A sketch of poor-class Maoris The new native-school teacher, who was "green", "soft", and poetical, and had a literary ambition, called her "August", and fondly hoped to build a romance on her character. She was down in the school registers as Sarah Moses, Maori, 16 years and three months. She looked twenty; but this was nothing, insomuch as the mother of the youngest child in the school -- a dear little half-caste lady of two or three summers -- had not herself the vaguest idea of the child's age, nor anybody else's, nor of ages in the abstract. The church register was lost some six years before, when "Granny", who was a hundred, if a day, was supposed to be about twenty-five. The teacher had to guess the ages of all the new pupils.
August was apparently the oldest in the school -- a big, ungainly, awkward girl, with a heavy negro type of Maori countenance, and about as much animation, mentally or physically, as a cow.
She was given to brooding; in fact, she brooded all the time.
She brooded all day over her school work, but did it fairly well.
How the previous teachers had taught her all she knew was a mystery to the new one. There had been a tragedy in August's family when she was a child, and the affair seemed to have cast a gloom over the lives of the entire family, for the lowering brooding cloud was on all their faces. August would take to the bush when things went wrong at home, and climb a tree and brood till she was found and coaxed home.
Things, according to pa gossip, had gone wrong with her from the date of the tragedy, when she, a bright little girl, was taken -- a homeless orphan -- to live with a sister, and, afterwards, with an aunt-by-marriage. They treated her, 'twas said, with a brutality which must have been greatly exaggerated by pa-gossip, seeing that unkindness of this deion is, according to all the best authorities, altogether foreign to Maori nature.
Pa-gossip -- which is less reliable than the ordinary washerwoman kind, because of a deeper and more vicious ignorance -- had it that one time when August was punished by a teacher (or beaten by her sister or aunt-by-marriage) she "took to the bush" for three days, at the expiration of which time she was found on the ground in an exhausted condition. She was evidently a true Maori or savage, and this was one of the reasons why the teacher with the literary ambition took an interest in her. She had a print of a portrait of a man in soldier's uniform, taken from a copy of the `Illustrated London News', pasted over the fireplace in the whare where she lived, and neatly bordered by vandyked strips of silvered tea-paper.
She had pasted it in the place of honour, or as near as she could get to it.
The place of honour was sacred to framed representations of the Nativity and Catholic subjects, half-modelled, half-pictured.
The print was a portrait of the last Czar of Russia, of all the men in the world; and August was reported to have said that she loved that man.
His father had been murdered, so had her mother. This was one of the reasons why the teacher with the literary ambition thought he could get a romance out of her.

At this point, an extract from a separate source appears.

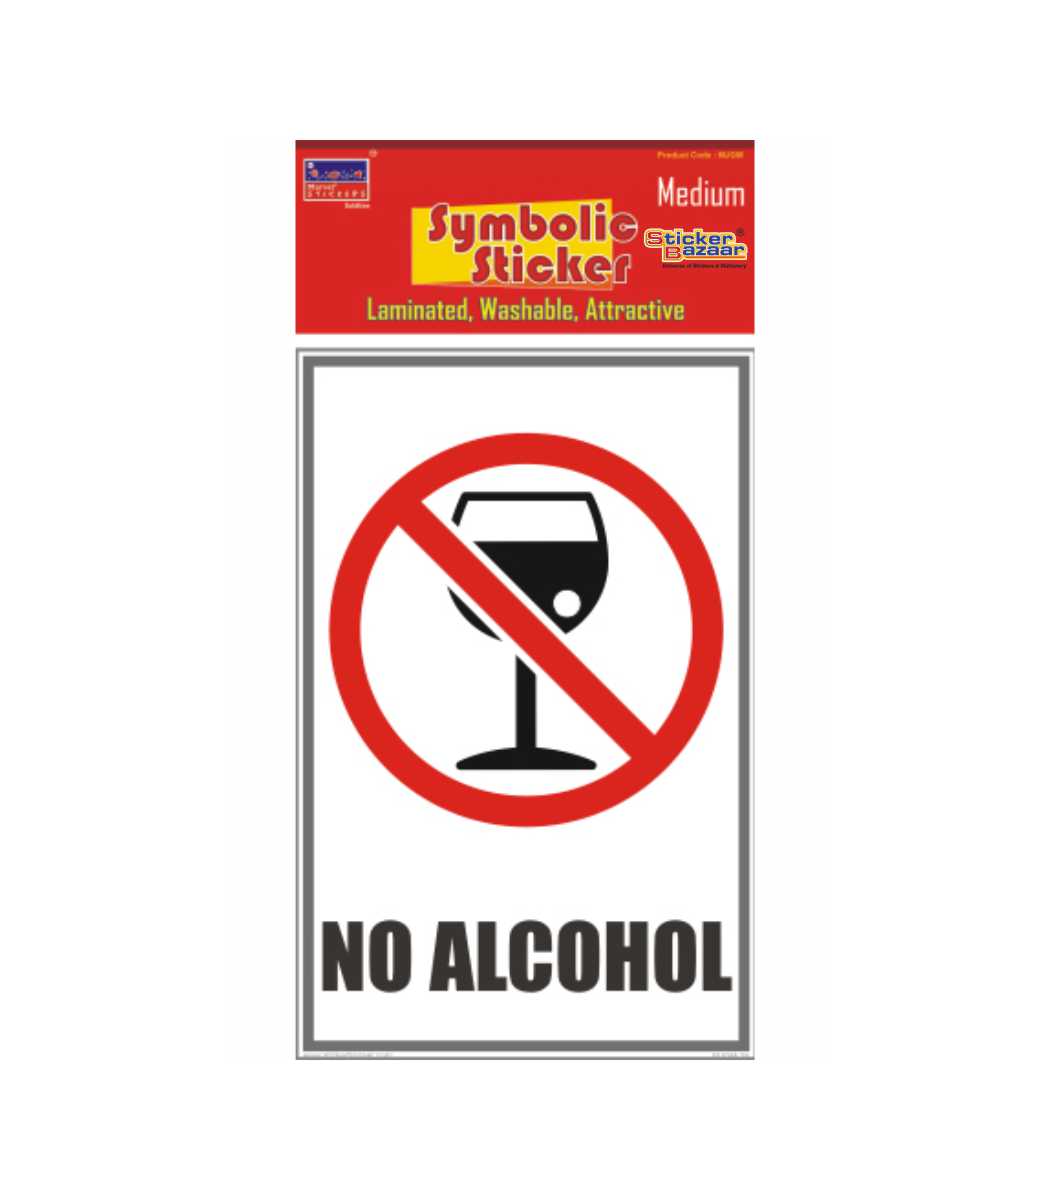 No Alcohol Medium Symbolic Sticker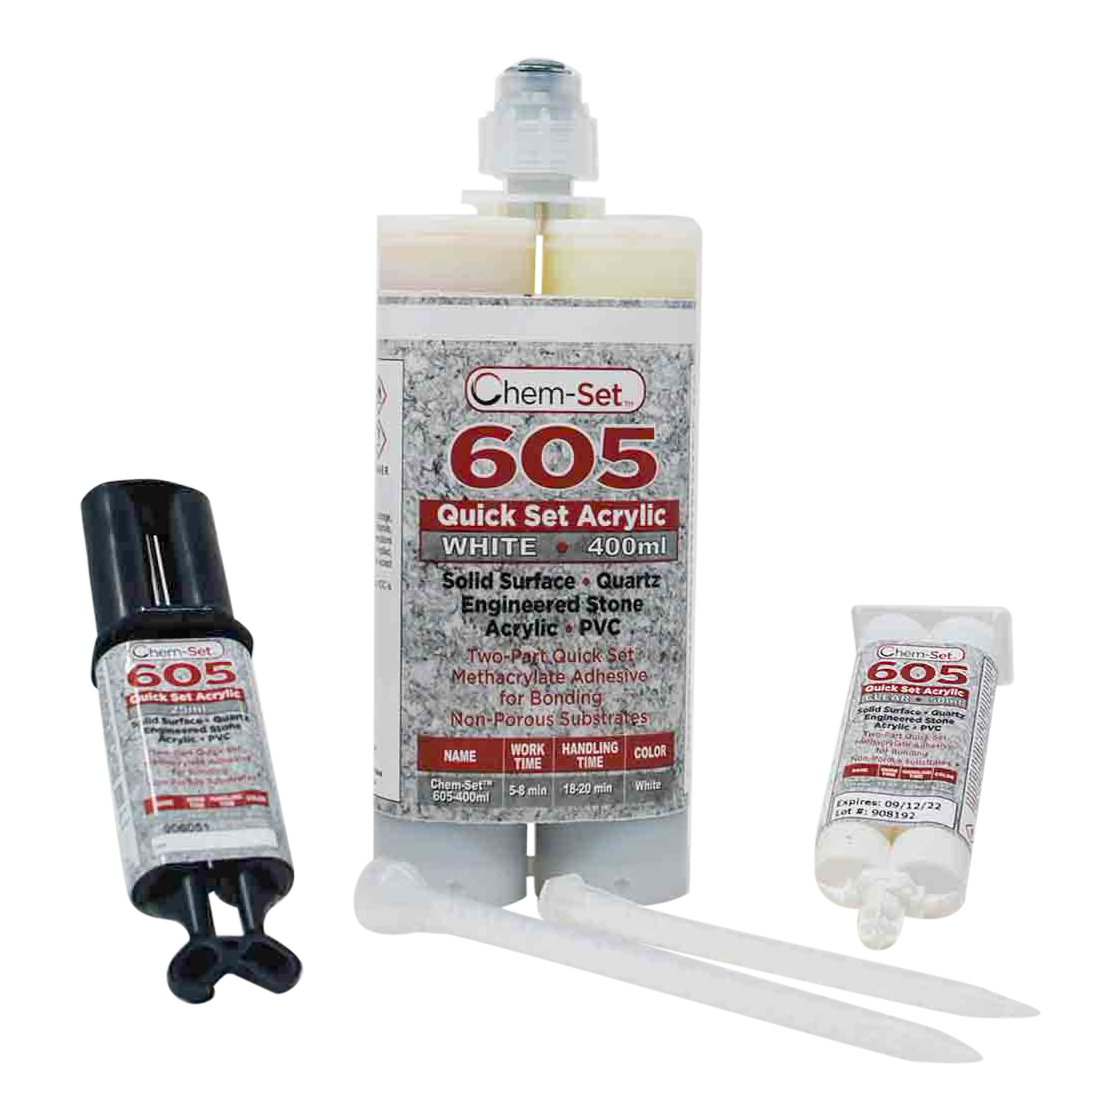 Chem-Set™ 605 Quick Set Acrylic Adhesive

After the first week she hung round the new schoolmistress, dog-like -- with "dog-like affection", thought the teacher. She came down often during the holidays, and hung about the verandah and back door for an hour or so; then, by-and-bye, she'd be gone. Her brooding seemed less aggressive on such occasions. The teacher reckoned that she had something on her mind, and wanted to open her heart to "the wife", but was too ignorant or too shy, poor girl; and he reckoned, from his theory of Maori character, that it might take her weeks, or months, to come to the point. One day, after a great deal of encouragement, she explained that she felt "so awfully lonely, Mrs. Lorrens."
All the other girls were away, and she wished it was school-time.
She was happy and cheerful again, in her brooding way, in the playground.
There was something sadly ludicrous about her great, ungainly figure slopping round above the children at play. The schoolmistress took her into the parlour, gave her tea and cake, and was kind to her; and she took it all with broody cheerfulness.
One Sunday morning she came down to the cottage and sat on the edge of the verandah, looking as wretchedly miserable as a girl could.
She was in rags -- at least, she had a rag of a dress on -- and was barefooted and bareheaded. She said that her aunt had turned her out, and she was going to walk down the coast to Whale Bay to her grandmother -- a long day's ride. The teacher was troubled, because he was undecided what to do. He had to be careful to avoid any unpleasantness arising out of Maori cliqui**. As the teacher he couldn't let her go in the state she was in; from the depths of his greenness he trusted her, from the depths of his softness he pitied her; his poetic nature was fiercely indignant on account of the poor girl's wrongs, and the wife spoke for her. Then he thought of his unwritten romance, and regarded August in the light of copy, and that settled it. While he talked the matter over with his wife, August "hid in the dark of her hair," awaiting her doom. The teacher put his hat on, walked up to the pa, and saw her aunt. She denied that she had turned August out, but the teacher believed the girl. He explained his position, in words simplified for Maori comprehension, and the aunt and relations said they understood, and that he was "perfectly right, Mr. Lorrens."
They were very respectful. The teacher said that if August would not return home, he was willing to let her stay at the cottage until such time as her uncle, who was absent, returned, and he (the teacher) could talk the matter over with him. The relations thought that that was the very best thing that could be done, and thanked him.